Around here a lot of the services have a #4 bare GEC. Are you allowed to go through the meter can or do you have to drill an extra hole to get to the rod?(if the service disconnect is inside the building)
 

Volta

Senior Member
Location
Columbus, Ohio
The 4 power co's here do not allow GEC in the meter socket.

It seems like a seperate GEC up the mast would require a 4 wire drop from the X former ?

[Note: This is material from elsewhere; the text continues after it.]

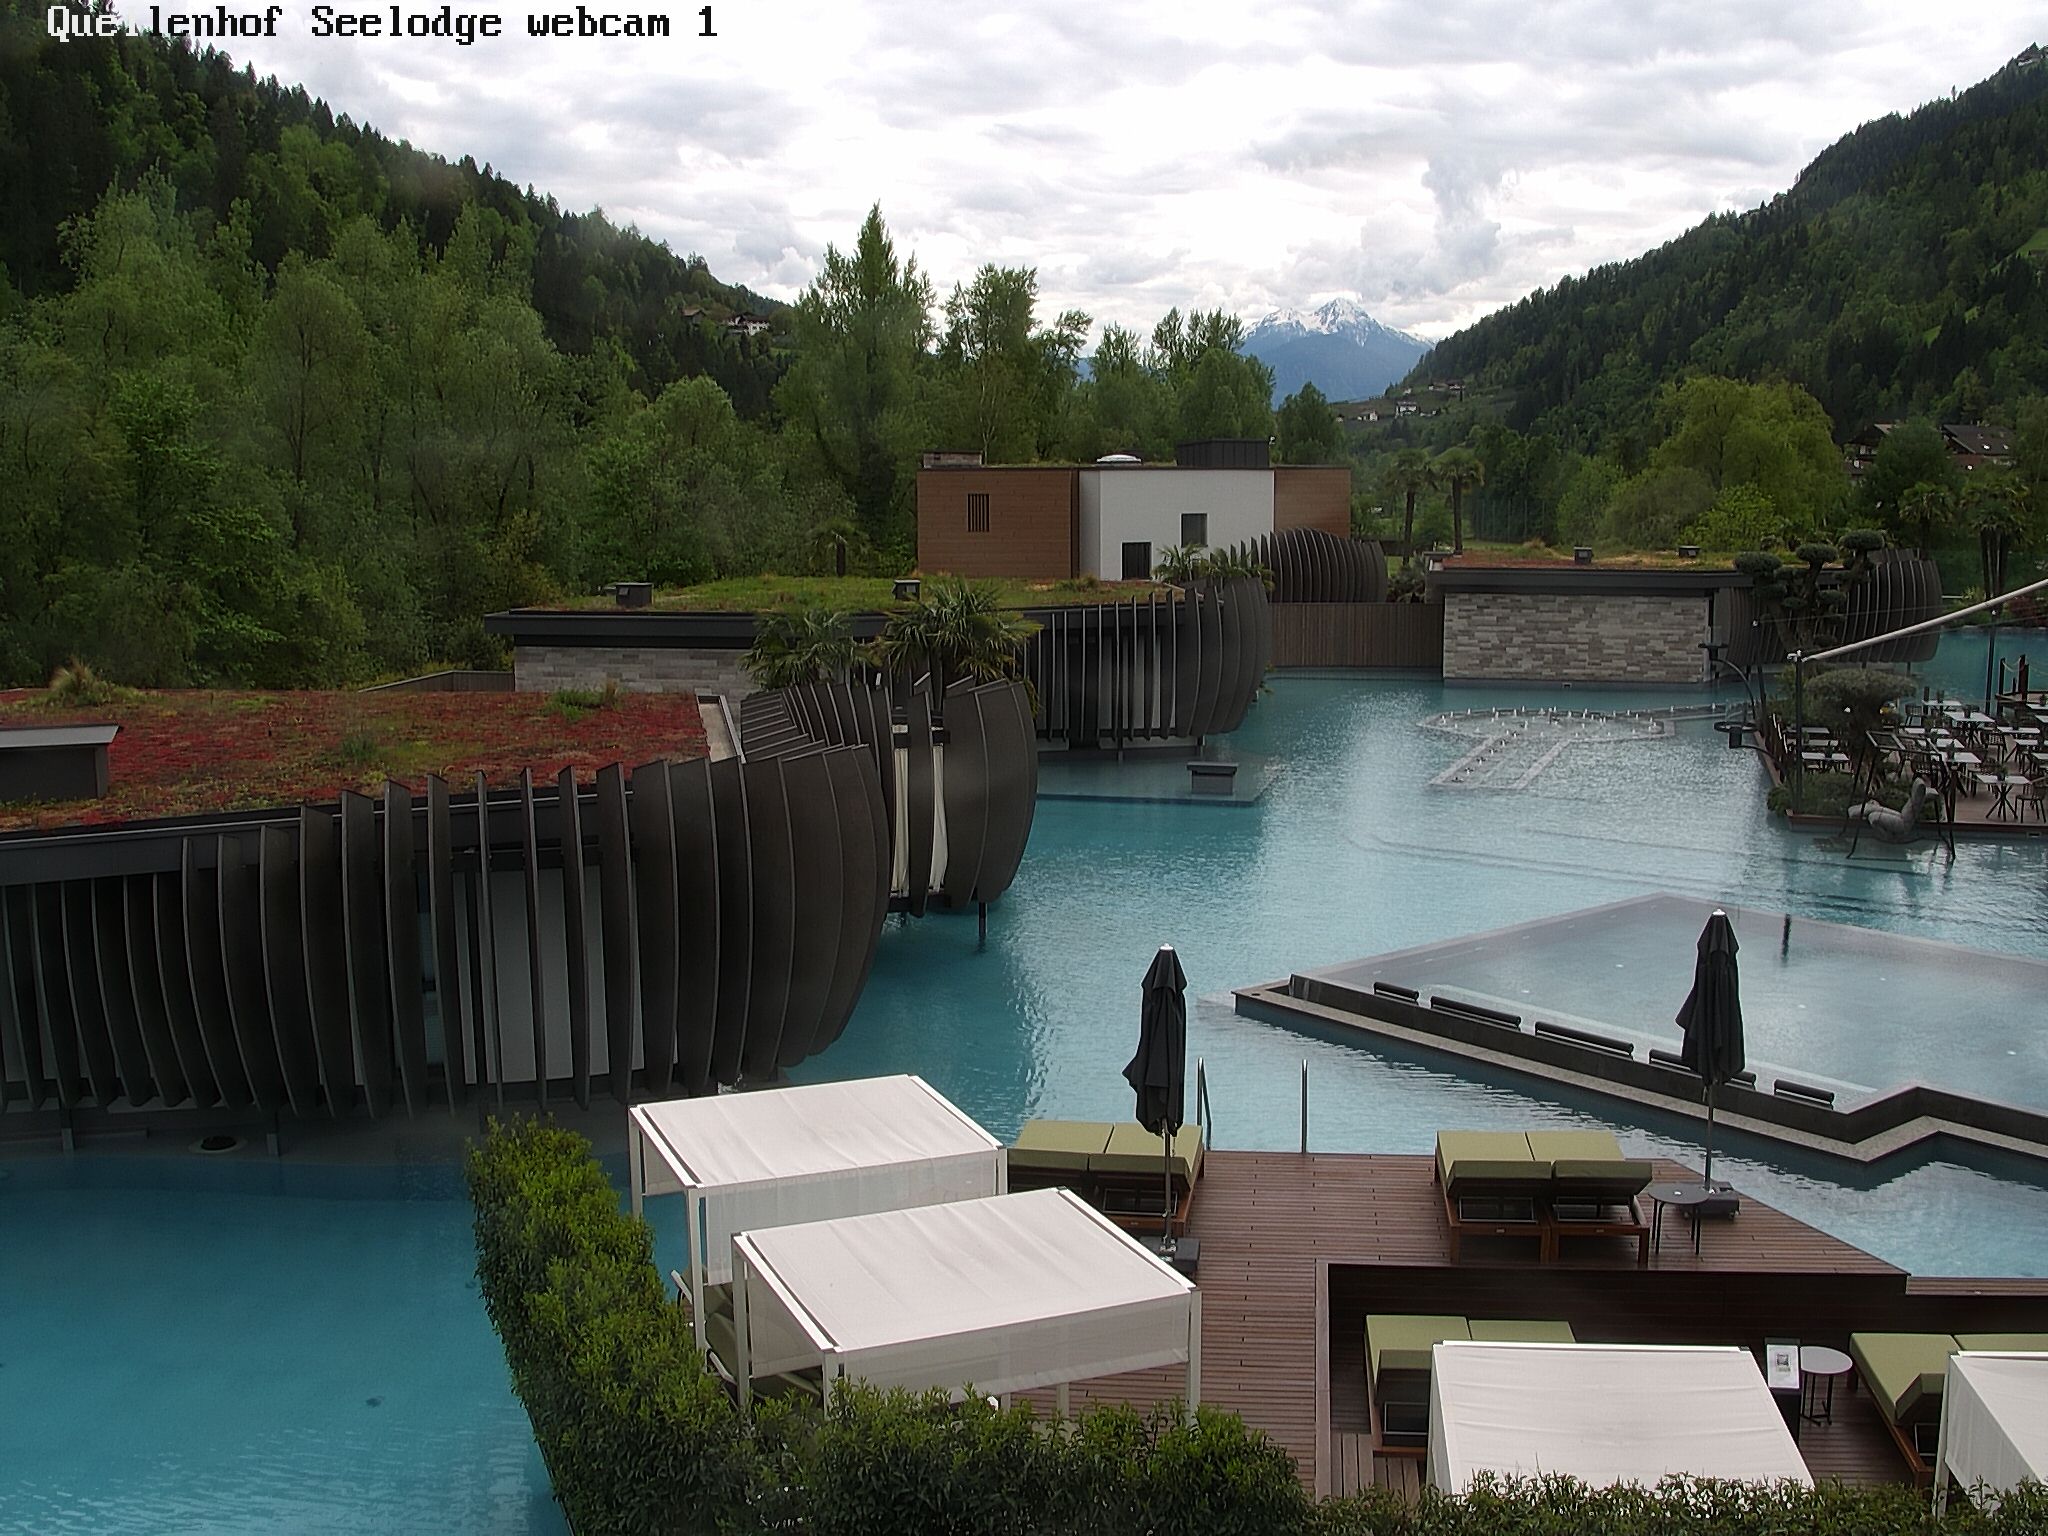 La webcam live del Quellenhof See Lodge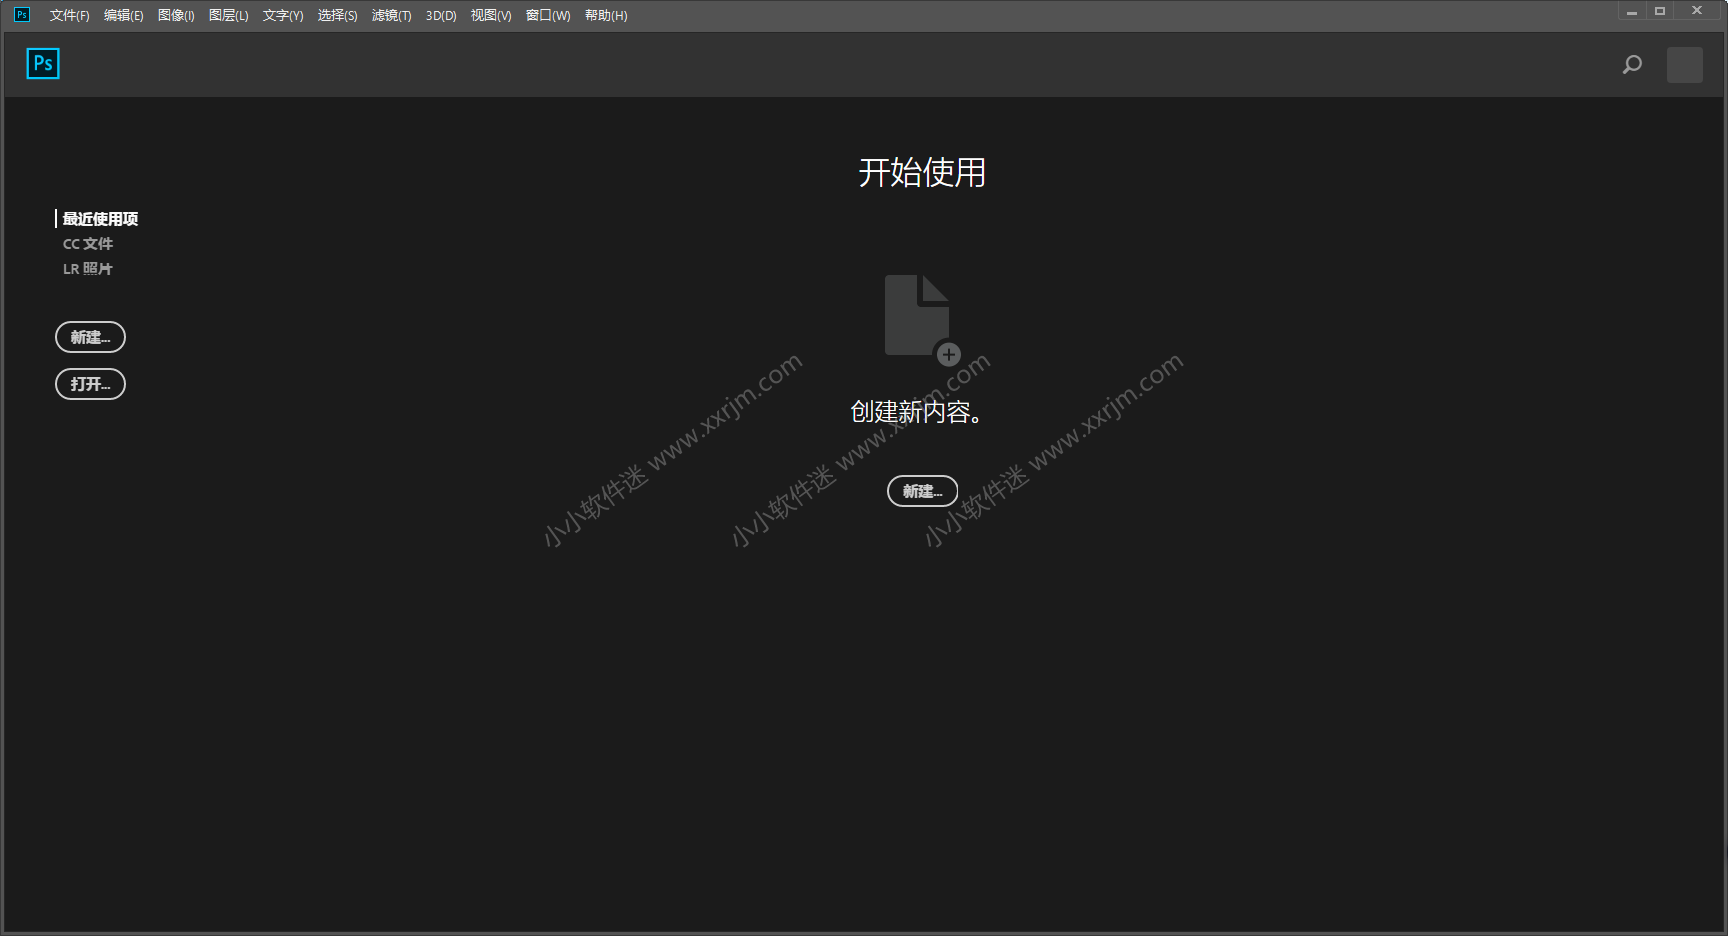 photoshop cc2018官方中文版下载地址和安装教程

No, just a connection between the GEC and both the line and load grounded conductors. Might be the best place to ground the premises system, IMO.
 

K8MHZ

Senior Member
Location
Michigan. It's a beautiful peninsula, I've looked
Occupation
Electrician
This is from the service requirement book from Consumers Energy:

Proper grounding and bonding of meter sockets and metering equipment is to be completed with no grounding or bonding conductors exiting directly out of meter sockets or metering equipment. Do not route grounding conductor (from disconnect to ground rod) through the meter socket or associated equipment. The meter socket is not be used for a junction box or a raceway for customer?s wiring. No external devices are to be attached directly onto the meter socket for Intersystem Bonding Terminations (IBT).
 

Volta

Senior Member
Location
Columbus, Ohio
For those of you who work in areas where the POCO does not allow a GEC in the meter base (or I assume, a CT cabinet), have you ever be disallowed from terminating that conductor to the 'load end of the service drop'?
 

hurk27

Senior Member
Has anyone ever questioned their reasoning behind this?

Roger

We had a similar requirement pop up over night a few years ago and when we dug into who and why it was being required we found that a few inspectors got together with some line men who thought it was a good idea to get the utility to enforce requirements that they themselves could not, well the state didn't think so and it went away real fast, this happened again over using PVC as a riser pipe where it didn't support the drop, again the state made it go away.